Yes, it’s because be
has a higher purpose than for use with Pyblish alone and families is Pyblish-specific. Here, it has to do with the binding between an item in the inventory and its template.
Any item in the inventory under characters
will be assigned the corresponding template. The 0-1-2
are the positional arguments you type at the command-line, in this case 0=thedeal
, 1=ben
and 2=mudeling
.
We could use the last argument to determine the family.
if os.environ["FAMILY"] == "mudeling":
family = "model"
That’s right, I haven’t yet discovered a compelling enough reason to limit the arguments beyond project and asset. In this case there’s one extra which we’ll use to determine family, but there could be any arbitrary amount based on what you are looking to do with it.
The safety net in this case is the fact that it alerts you to the fact that a new development directory would be created here, and that you wouldn’t be entering an existing one.

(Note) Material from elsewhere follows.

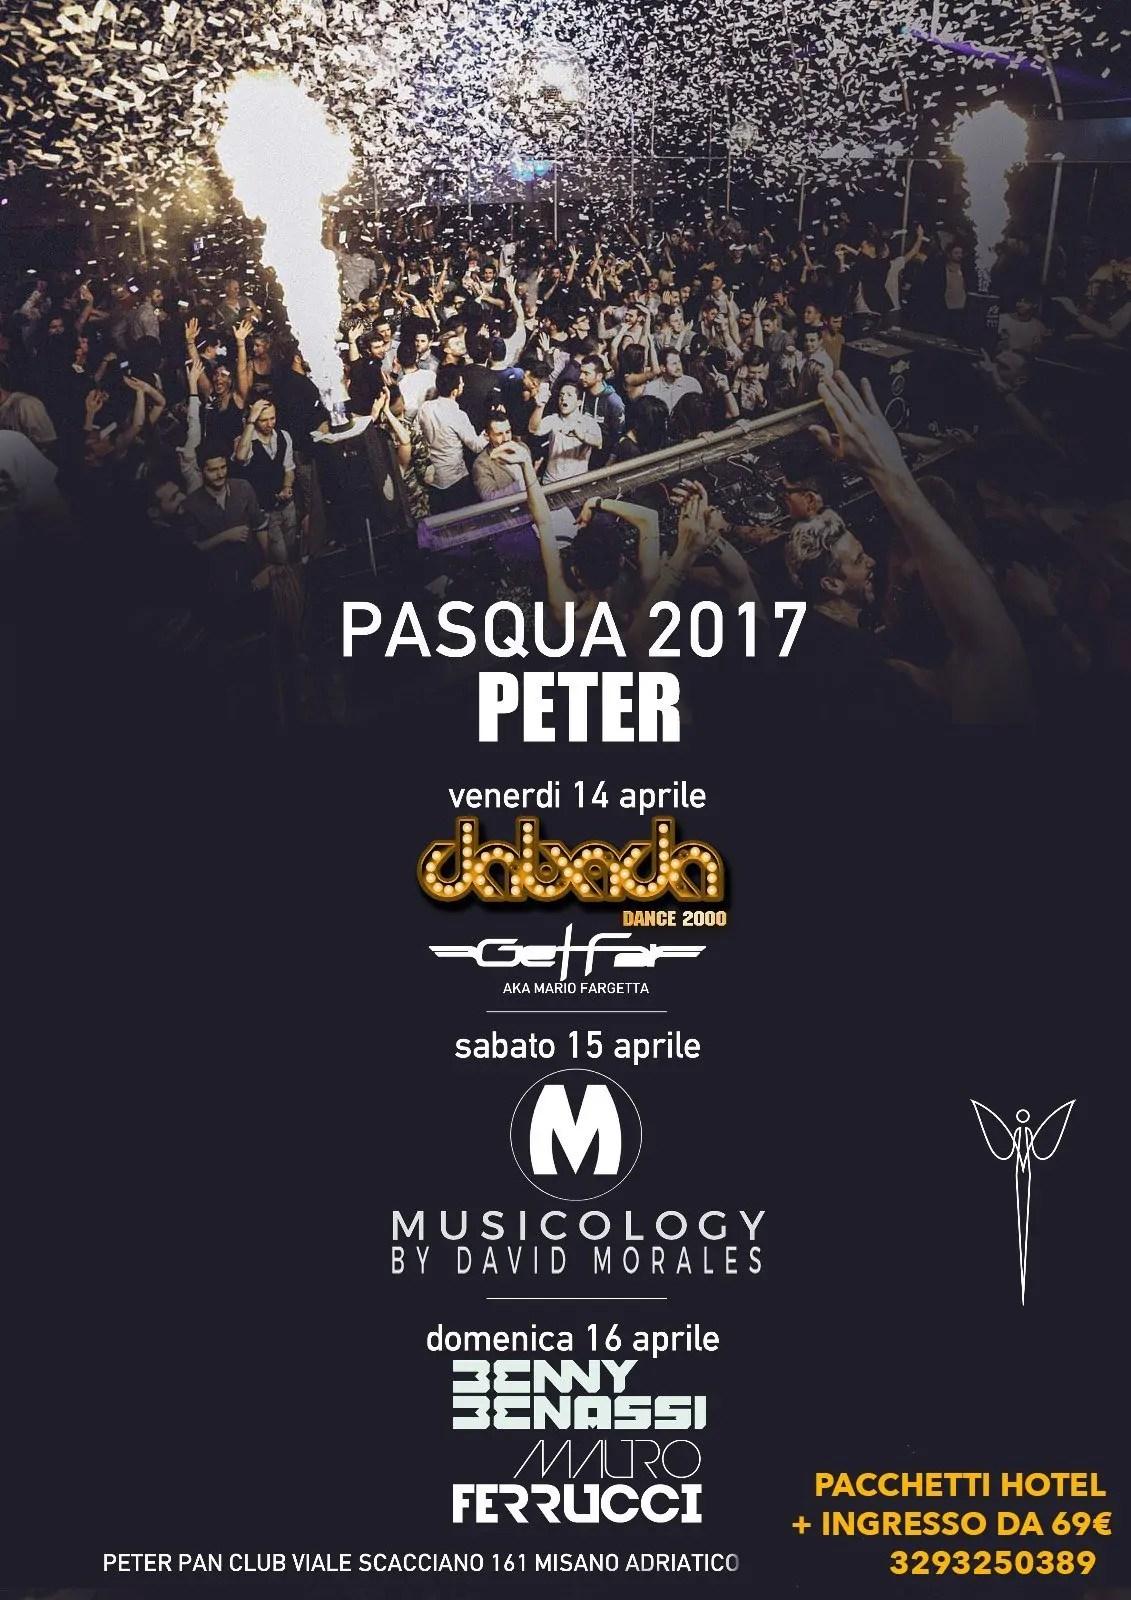 PASQUA 2017 PETER PAN RICCIONE BENNY BENASSI Prevendite Pacchetti Hotel

In a larger environment, I’d also like the non-mandatory argument to be fully optional and instead default to who’s asking. An animator for example would head into animation
whereas a modeler into modeling
, unless they specified otherwise.
Have a look here for how that could work.
I realise you haven’t yet worked with initialisation and that it can be hard to picture what you would be given in return because of that. It would be quite the task however to tell and easier to show, and since we’ve got our demo project for exactly this purpose I figured it would be a good environment in which to demonstrate it.
So, we could either a) discard it, do what we know, or b) taste it, discover what we’ve missed.
As it’s your baby, I’ll leave the decision to you.